Александр Вельтман
Лихоманка
Солдатская сказка
…По принятии лазарета Артамон Матвеевич назначил Емельяна Герасимовича бессменным дежурным с тем, чтоб ни шагу из лазарета. Как исправный дежурный, Емельян Герасимович тотчас же пошел по камерам раненых и больных.
— Что, ребята, больны?
— Больны, ваше благородие.
— Все до одного больны?
— Все до одного, ваше благородие.
— Ну, на здоровье, ребята; а что ж вы тут делаете?
— Да что, нечего делать, ваше благородие, лежим, а подчас и посидим, как отляжет.
— Стыдно сидеть сложа руки!
— Стыдно, ваше благородие, да дело невольное.
— А кто неволит?
— Да есть тут командирша лазаретная.
— Что за командирша такая, где она?
— Да вот она, ваше благородие: Кузьму Иванова, полкового сказочника, треплет — трррах! трах! трах! тррррр!
— Это что такое?
— А вот, ваше благородие, она зубами бьет сбор на плац; сейчас начнет сказку.

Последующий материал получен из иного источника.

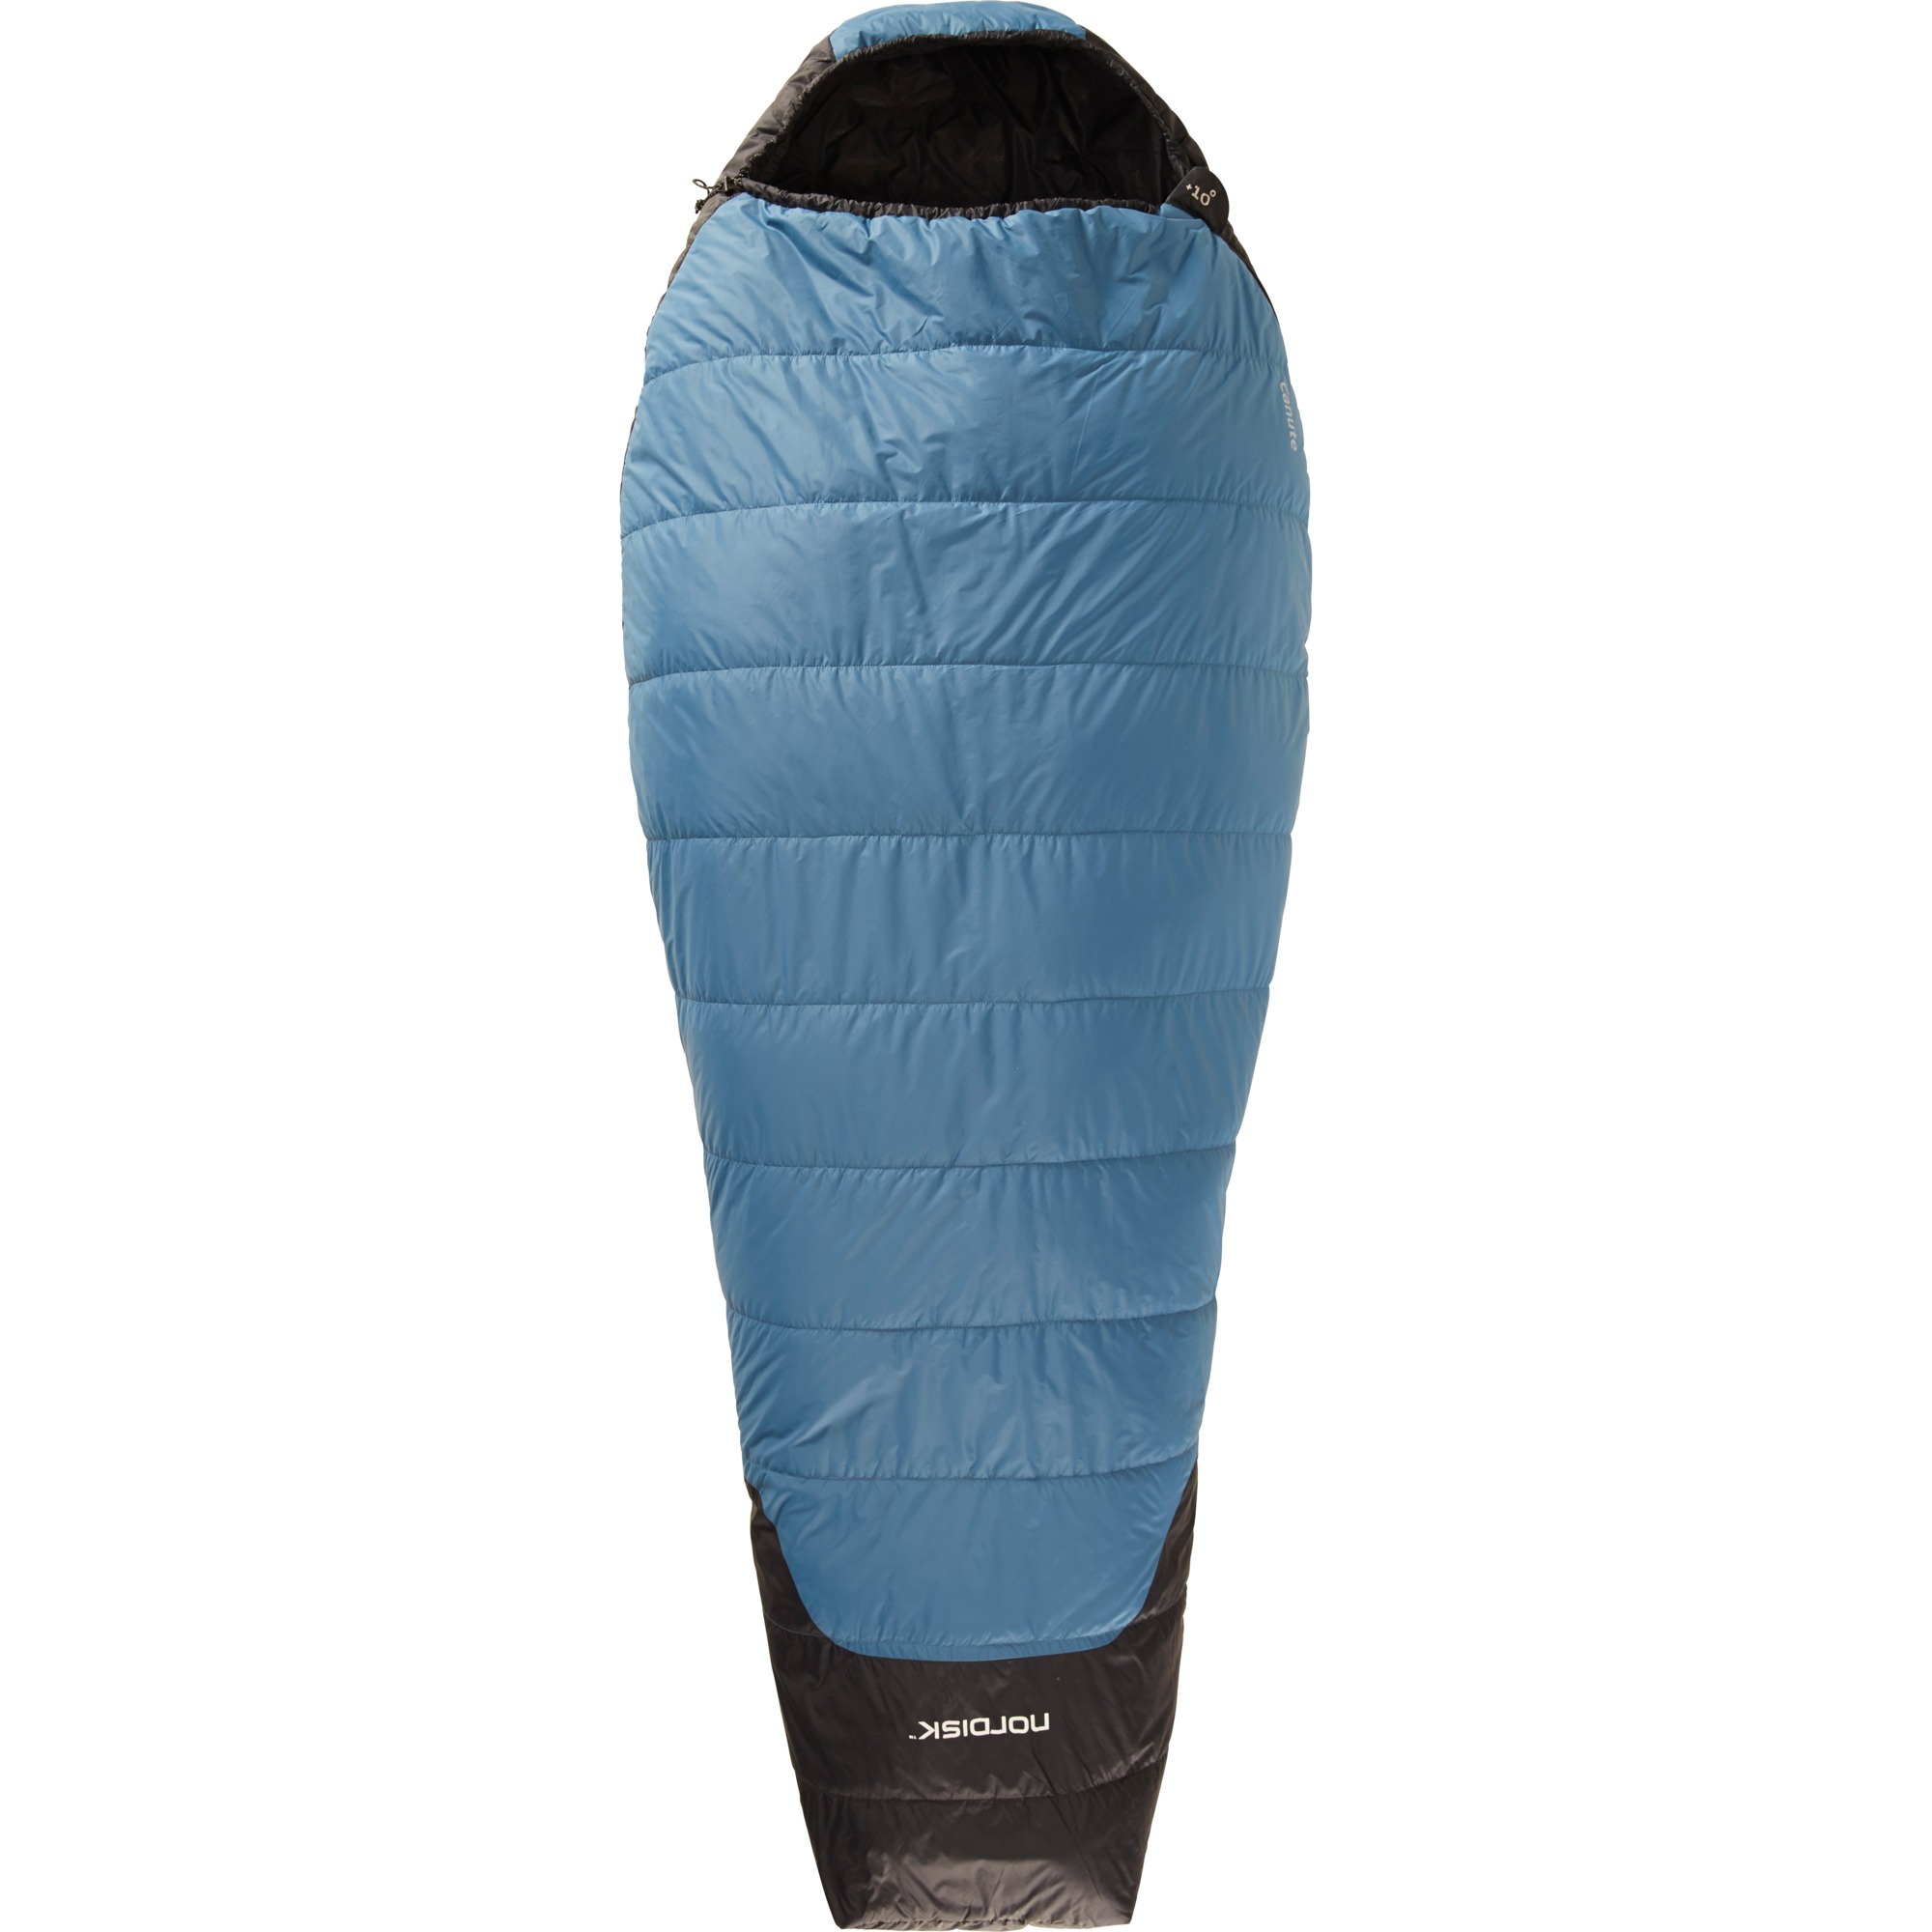 Image of Alternate - Canute +10° XL Sleeping Bag, Schlafsack online einkaufen bei Alternate

— Трррах! трах! трах! Лежите смирно, ребята! По команде, слушай! В некотором царстве, в некотором государстве… — начал, пробарабанив зубами, полковой сказочник, который в жару лихорадки бредил сказками. Только что начнет его бить лихорадка, пойдет стукотня зубами, потом кинет в жар, и солдат начинает сказку:
— В некотором царстве, в некотором государстве…
— В некотором государстве? Ну! — сказал Емельян Герасимович, ужасный охотник до сказок, садясь на табурет подле койки солдата-сказочника и внимательно слушая его рассказ.
— В некотором царстве, в некотором государстве, — продолжал солдат-сказочник, — жил-был на постоянных квартирах полковой командир, и было у него три майора, два умных, а третий — так ничего; и был у него сад, а в саду на деревьях росли румяные солдатики, а в цветнике все полевые цветы: ружья, тесаки, ранцы и разные снаряды. Дорожки, словно солдатская портупея, мелком вычищены и вылакированы. Вот, долгое время все честно было и в целости, вдруг смотрит дежурный по караулам, что ночь, то пропажа и казне убыток: кто-то обрывает солдатиков. Что делать! Дежурный глаз не смыкает; да перед зарей ветерок, словно винный спирт, в нос кинется, — смотришь, охмелеет дежурный и всхрапнет — глядь, а на каком-нибудь дереве нет солдатиков. Пошел дежурный докладывать про беду полковому командиру. «Ваше высокоблагородие! У нас в саду что-то не честно, кто-то солдатиков обрывает». — «Что ж ты смотрел? а?» — «И в очи смотрю, да не вижу, ваше высокоблагородие».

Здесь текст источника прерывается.